BCM Headnodes Pre-install Preparation#

NFS server#

NFS is used for BCM headnode HA. User home directories (/home) and shared data directories (/cm_shared, which includes files such as the DGX OS image) must be shared between head nodes and are stored on an NFS filesystem that both headnodes mount.

Because DGX BasePOD does not mandate the nature of the NFS storage, the configuration is outside the scope of this document. This DGX BasePOD deployment uses the NFS export path provided in the BasePOD site survey.

The parameters below are recommended for the NFS server export (for example, as specified in the file /etc/exports). In particular, the exported NFS directory must be mountable read-write, and files must be allowed to be owned by UID 0 (root); these are indicated by the rw and no_root_squash directives in the example below.

/var/nfs/general *(rw,sync,no_root_squash,no_subtree_check)

Verify DNS & NTP servers#

Make sure the DNS and NTP servers are reachable from within the cluster environment.

Cluster Nodes Configuration#

As cluster nodes – control plane (BCM headnodes), workload management nodes, DGX’s, compute & storage fabric switches are racked and cabled. It is recommended to configure each appliance’s BIOS & out of band management interface (sometimes referred to as a BMC, IPMI, etc) ahead of time before the installation of BCM.

Once all cluster nodes have been successfully configured verify that all cluster nodes’ out of band management interfaces are reachable from within the working cluster network space. (i.e. make sure you can load access the BMC/iLO/iDRAC).

DGX BIOS Config and Network Interface Boot Order#

Refer to the DGX System User Guide for specific steps on changing the boot order to use the 2 primary in-band interfaces to PXE boot first.

Control Plane and Workload Management Nodes#

The following is an example for Dell appliances.

Refer to the below references for configuring an appliance with iDRAC9:

_images/bcm-pi-image8.png

Interrupt the boot cycle to enter the Boot Manager and select “Launch System Setup”.

Next select “Device Settings”.

_images/bcm-pi-image4.png

Select the Card that needs the mode flipped from Infiniband (IB Mode) to Ethernet (ETH Mode).

_images/bcm-pi-image9.png

On this screen change the “Network Link Type” from “Infiniband” to “Ethernet” and select “Finish”.

_images/bcm-pi-image7.png

On seeing the following confirmation message, the card is now in Ethernet mode.

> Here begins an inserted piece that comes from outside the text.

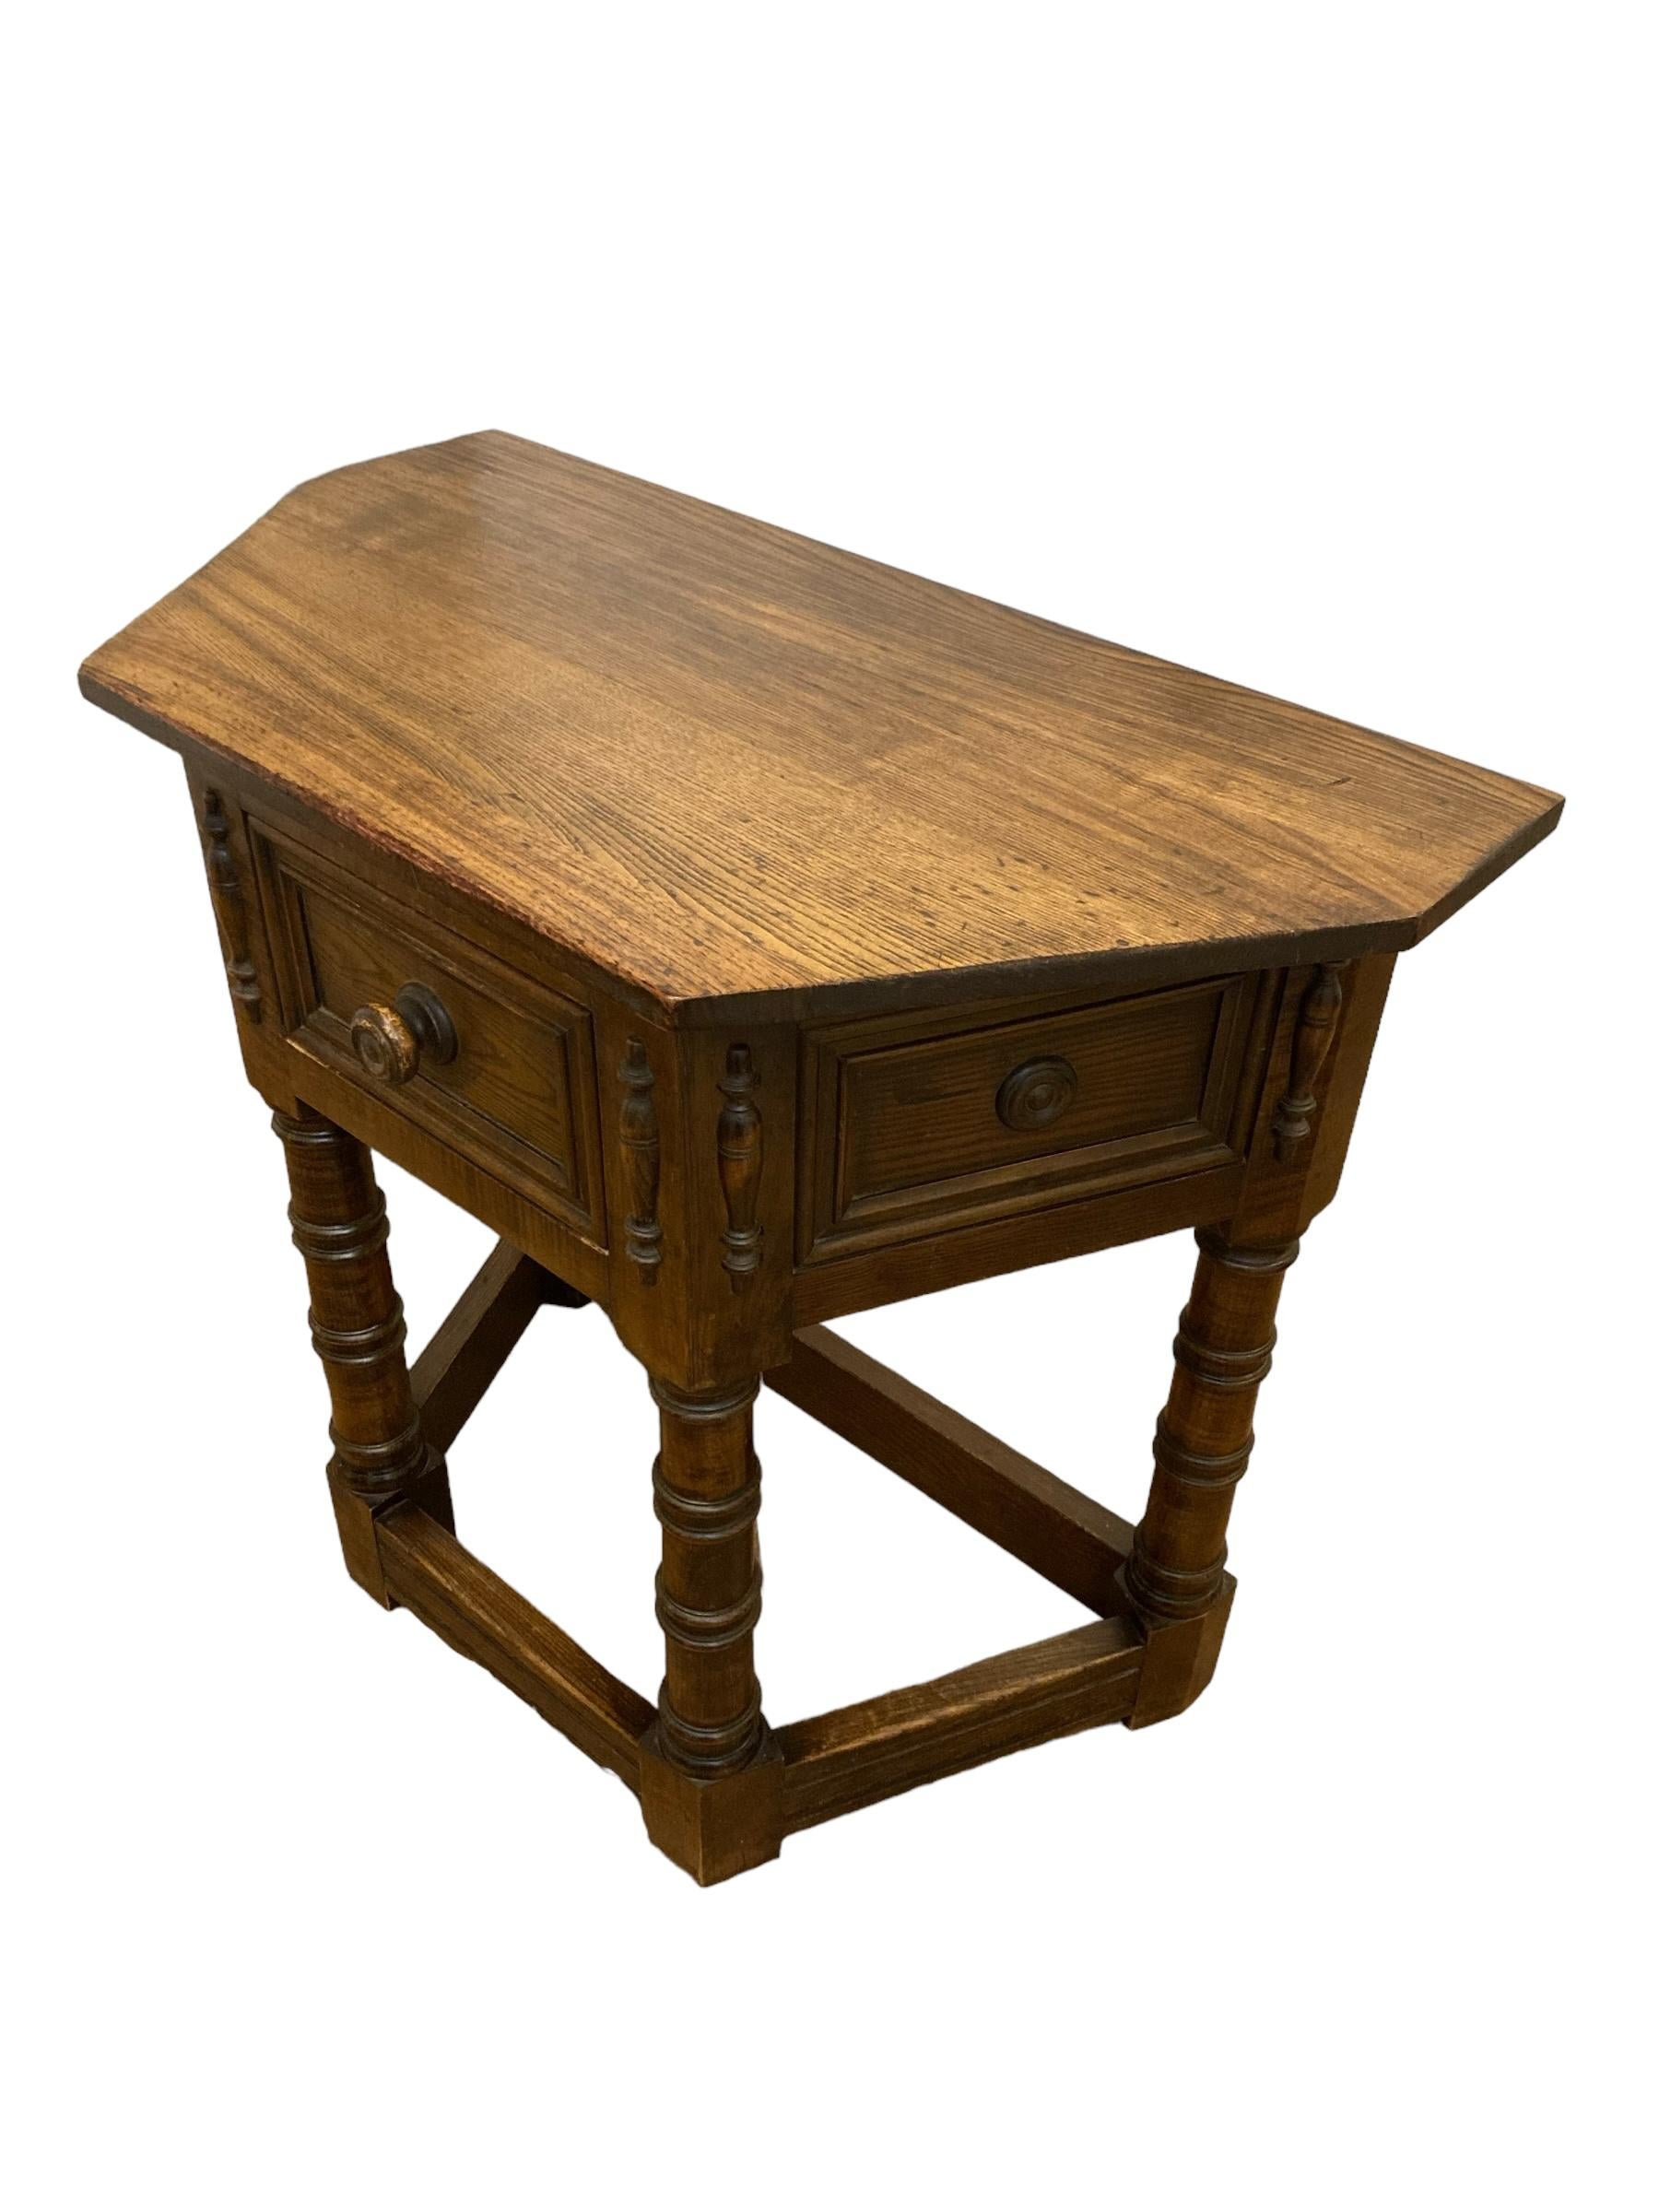 17th Century Style Gothic Look Oak Credence Side Hall Table. This timeless piece exudes elegance and charm. Crafted from high-quality oak, this table showcases a rich, warm finish that highlights the natural beauty of the wood. With its classic

Click OK.

_images/bcm-pi-image11.png

After confirming the CX card ports are in the correct mode we can proceed to configure the boot order.

Return to the “System Setup” screen and select “System BIOS”.

_images/bcm-pi-image6.png

Select “Network Settings”.

_images/bcm-pi-image10.png

Enable a minimum of 2 PXE Devices, then define each PXE Device Setting such that the In-Band network port is selected as one of the 2 PXE boot interfaces.

_images/bcm-pi-image3.png _images/bcm-pi-image2.png

With both interfaces defined as PXE Devices click ”Back” to return to the ”System BIOS” screen with a ”Warning - Save Changes” prompt. Select ”Yes” to confirm saving the changes. Then click ”Finish“ to return to the System Setup Main Menu.

_images/bcm-pi-image1.png

Select “Finish”, and on the “Warning - Confirm Exit” prompt select “Yes” to confirm the appliance reboot.

_images/bcm-pi-image5.png

Other Branded appliances#

On the ConnectX card that facilitates the In-Band network connections for the management nodes, ensure to set the port mode to Ethernet (not InfiniBand)

If the Connect-X card mode is not correctly set to Ethernet mode, the appliance will fail to communicate on the In-Band network.

The card’s port mode can be modified by temporarily booting the appliance to a linux environment to install the NVIDIA Firmware Tools application which can flip the port mode using the below EXAMPLE command:

mlxconfig -d /dev/mst/mt4119_pciconf0 set LINK_TYPE_P1=2 LINK_TYPE_P2=2

NOTE: The specified command needs to be used with the correct device id, do not run the below example ‘as is’ on a production system. Refer to NVIDIA Firmware Tools for usage details.

RAID/Storage Configuration#

If available, configure the hardware RAID controller and disks to minimum RAID level 1 using the appliance’s BMC or BIOS. The procedure varies depending on the appliance vendor and RAID controller. Refer to the specific vendor documentation for the configuration procedure.